The Board finds that the evidence of record contains substantial evidence of a credible nature that the Claimant was dishonest when he filled out the medical questionnaire prior to being hired by the Carrier. The Claimant’s defense that he was no longer under medication for sleep apnea and that he thought he was cured of this condition in no way mitigates his guilt. The medical questionnaire inquires whether the Claimant “ever” had sleep apnea and the Claimant answered in the negative, fully aware that this was not a truthful answer. Accordingly, the Board finds that the Carrier sustained its burden of proving the Claimant’s guilt of the charged offense.


Relative to the discipline assessed in this case, the Carrier notes that the Claimant was dishonest in a job-related matter and that such violation constituted a “Stand-Alone Dismissible” offense under its Policy for Employee Performance Accountability (PEPA). The Carrier has cited Awards upholding the principle that dismissal is proper in cases of proven dishonesty. The Organization argues that the discipline assessed was arbitrary, capricious and unjust.

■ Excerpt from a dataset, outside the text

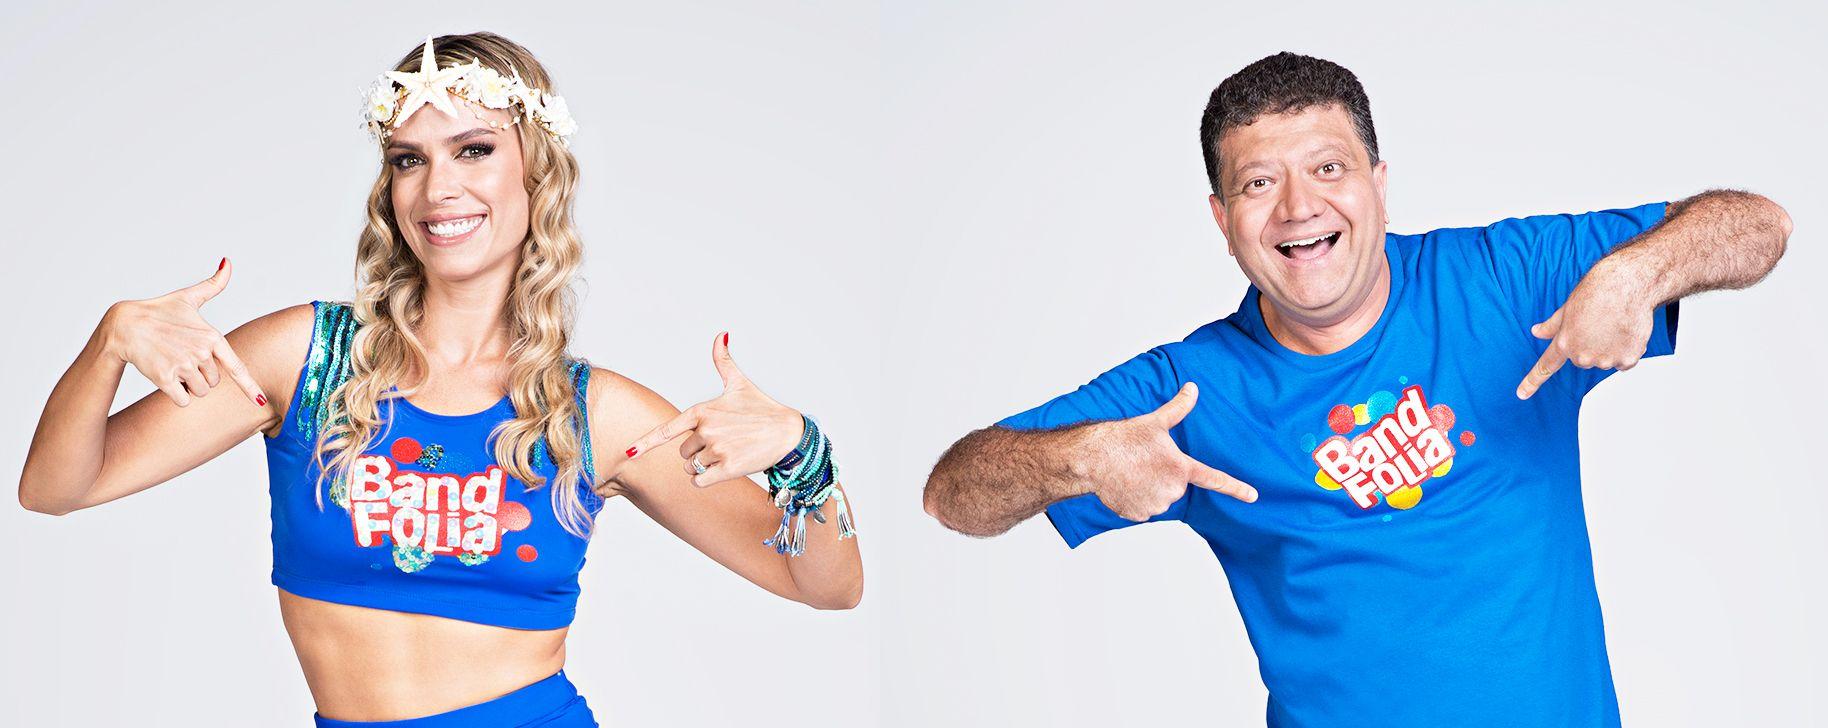 Betinho e Lígia Mendes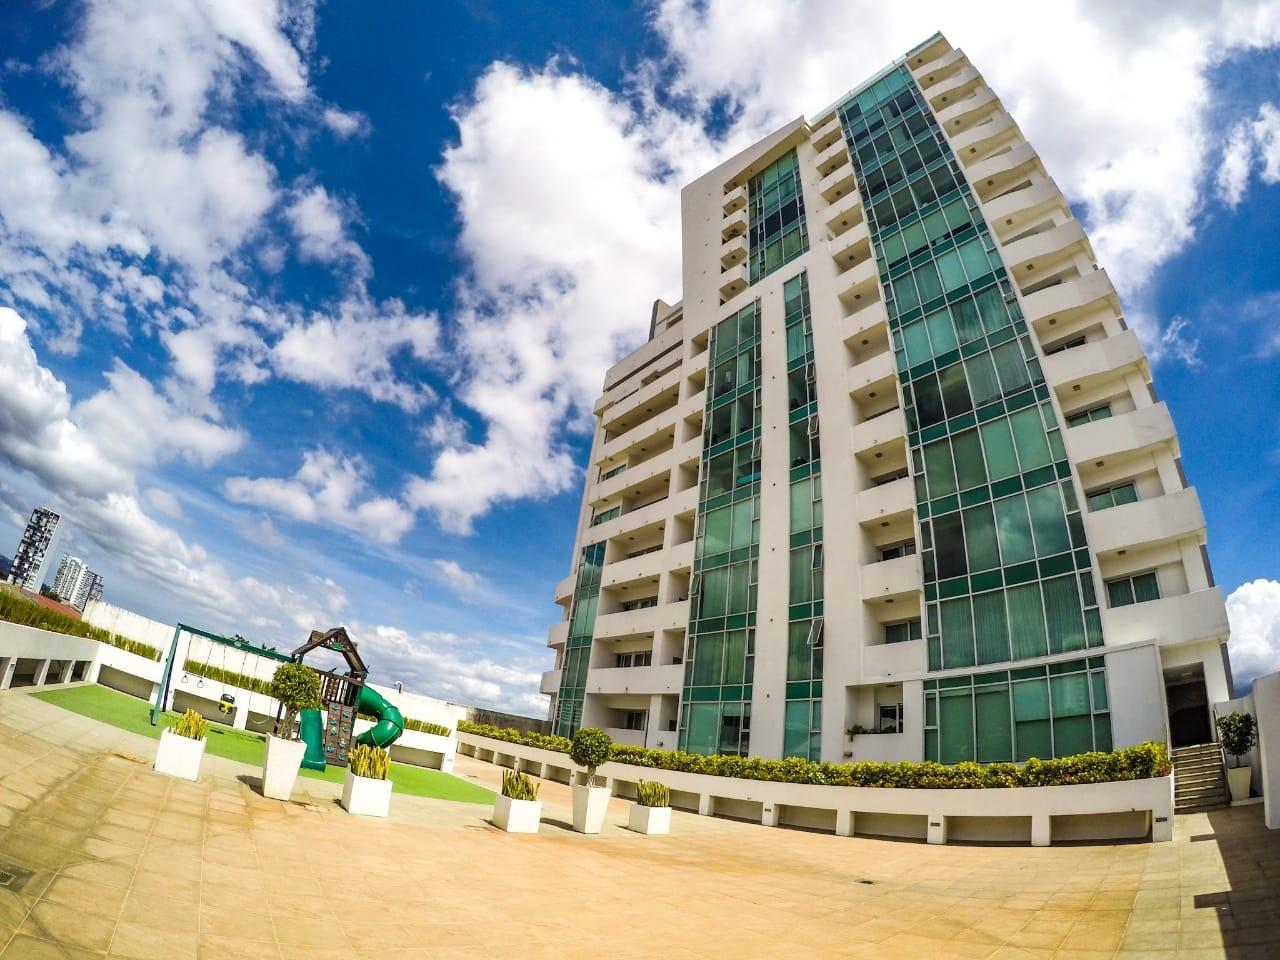 Alquiler Apartamento Torre Roble Sabana, full amenidades

Based upon its review of the record, the Board finds that the discipline assessed was in accordance with the Carrier’s PEPA and was not excessive or arbitrary in light of the recognized seriousness of the Claimant’s offense. Accordingly, the Board will not disturb the discipline of dismissal assessed in the present case.


AWARD


Claim denied.


ORDER


This Board, after consideration of the dispute identified above, hereby orders that an Award favorable to the Claimant(s) not be made.


NATIONAL RAILROAD ADJUSTMENT BOARD

By Order of Second Division Dated at Chicago, Illinois, this 15th day of December 2017.